CHIPPEWA FALLS — Only two weeks into the new school year, the Chippewa Falls School District plans to shift to a higher COVID-19 risk level when classes resume today.
Superintendent Jeff Holmes sent a letter to parents Friday night, explaining that virus cases have risen significantly in schools across the district.
“(Thursday), the CFAUSD had 12 total reported cases of students infected with COVID, which led to 77 total students being contact-traced/quarantined by (the Chippewa County Department of Public Health),” Holmes wrote to parents. “As of (4 p.m.

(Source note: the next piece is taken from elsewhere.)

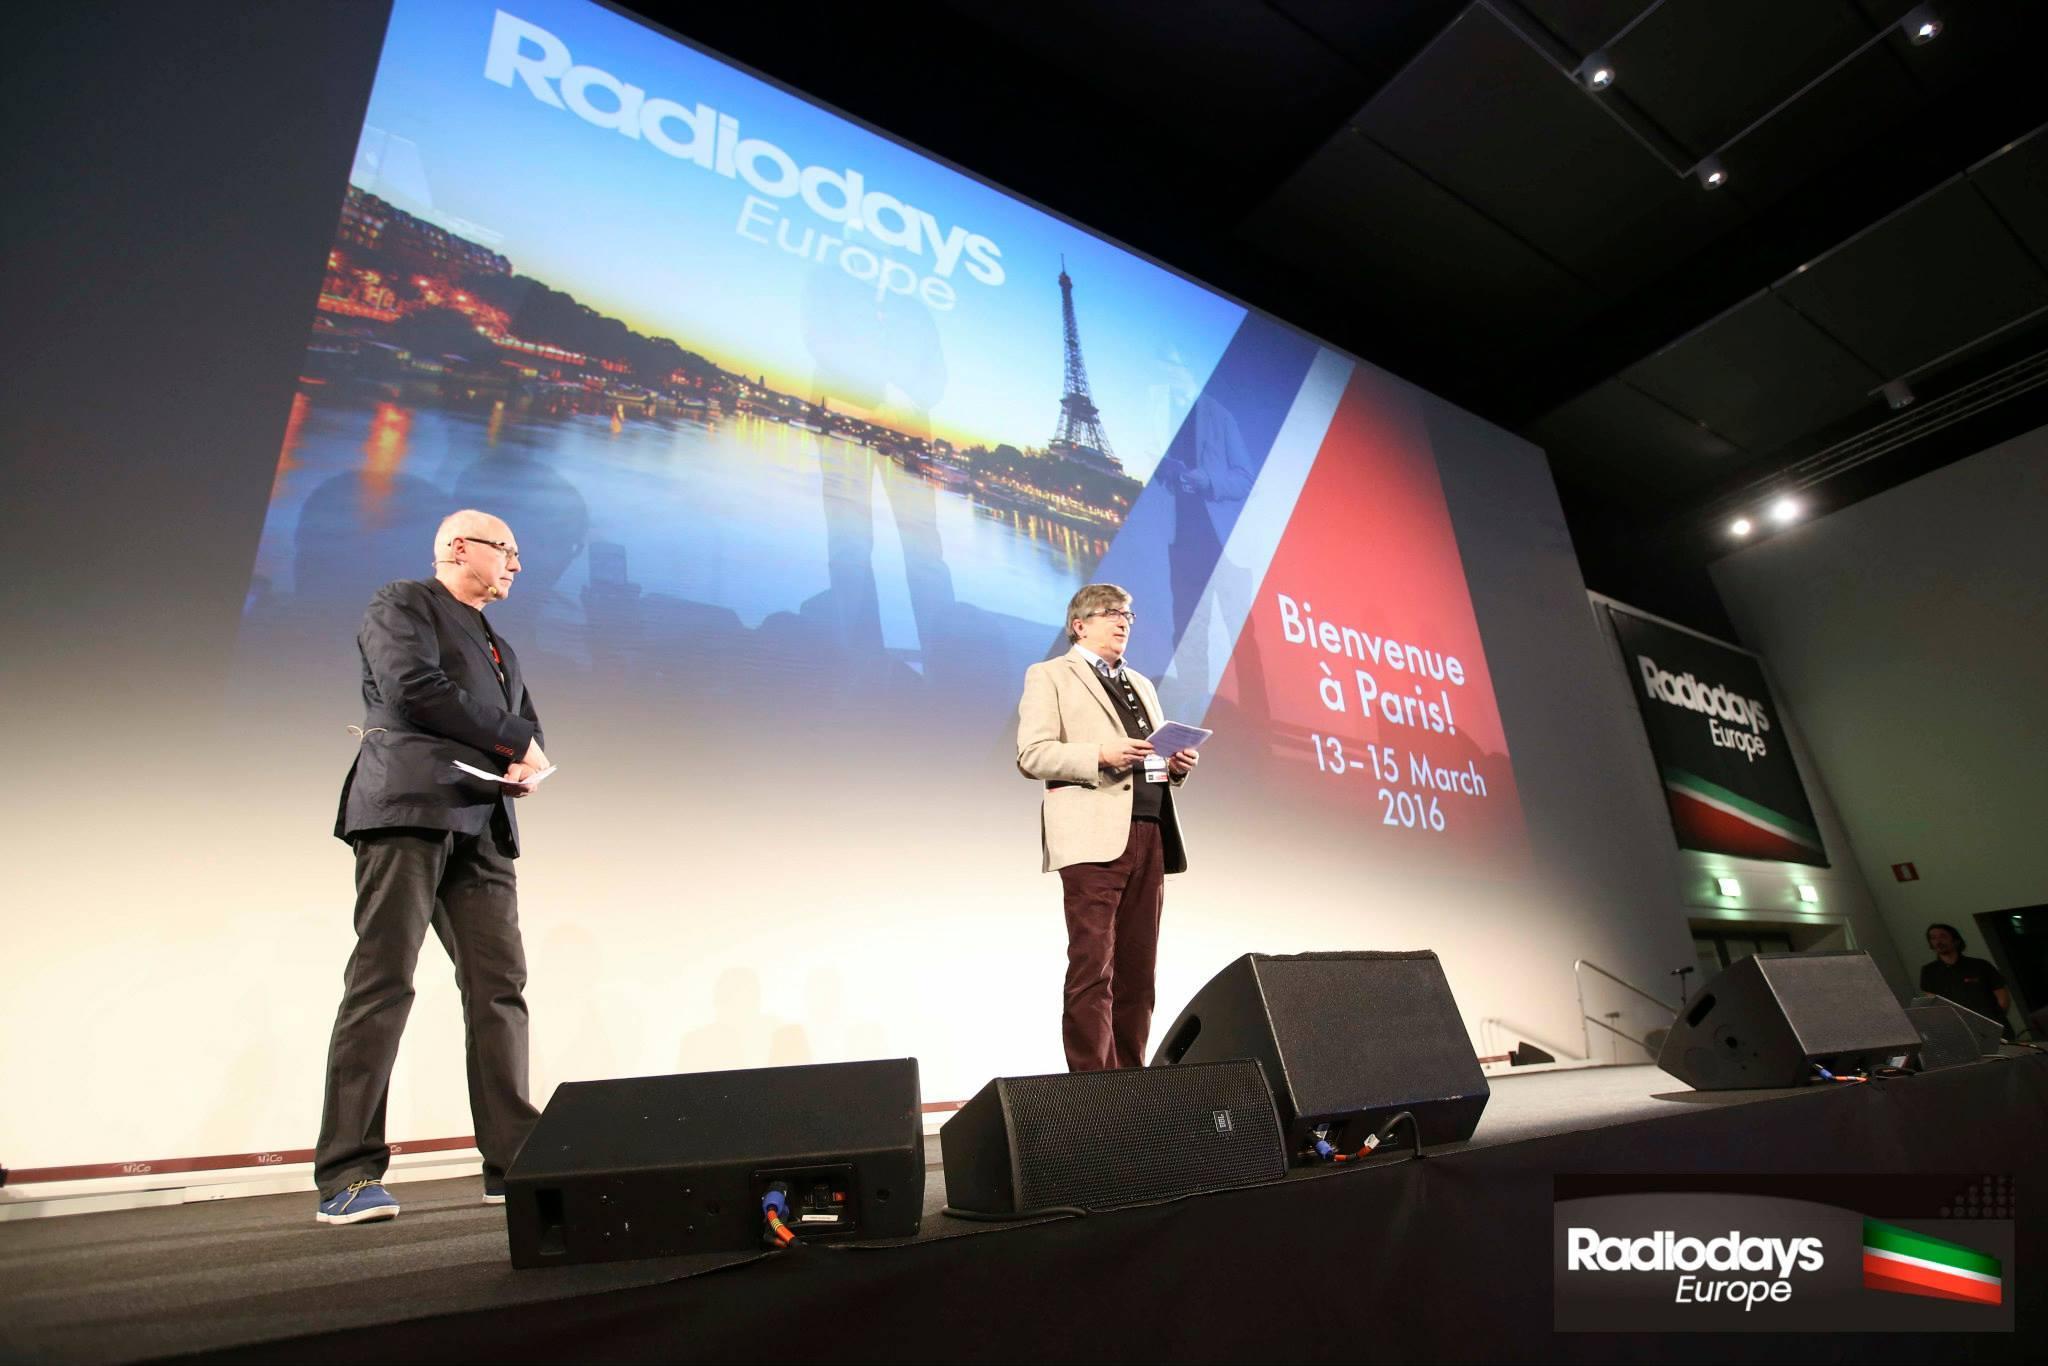 Le suédois Anders Held et le norvégien Rolf Brandrud : les organisteurs des Radiodays Europe

Friday), we have 25 total reported cases of students infected with COVID, which will lead to 201 total students being contact-traced/quarantined by CCDPH. At this juncture, CFAUSD is awaiting word from CCDPH regarding whether or not these cases are outbreaks associated with CFAUSD settings.”
During the 2020-21 school year, only two outbreaks in the county could be attributed to CFAUSD settings, he added.
“As of Friday and only two weeks into the 2021-22 school year, we believe it is necessary to let everyone know that, if we are not notified by the county that these outbreaks are attributable to CFAUSD and because of the current numbers we are experiencing, we will shift to Level 3 status beginning (today). If we are notified by CCDPH that two or more of the past two weeks positive cases within CFAUSD are attributed to our settings, CFAUSD will shift to Level 4 status at that time.”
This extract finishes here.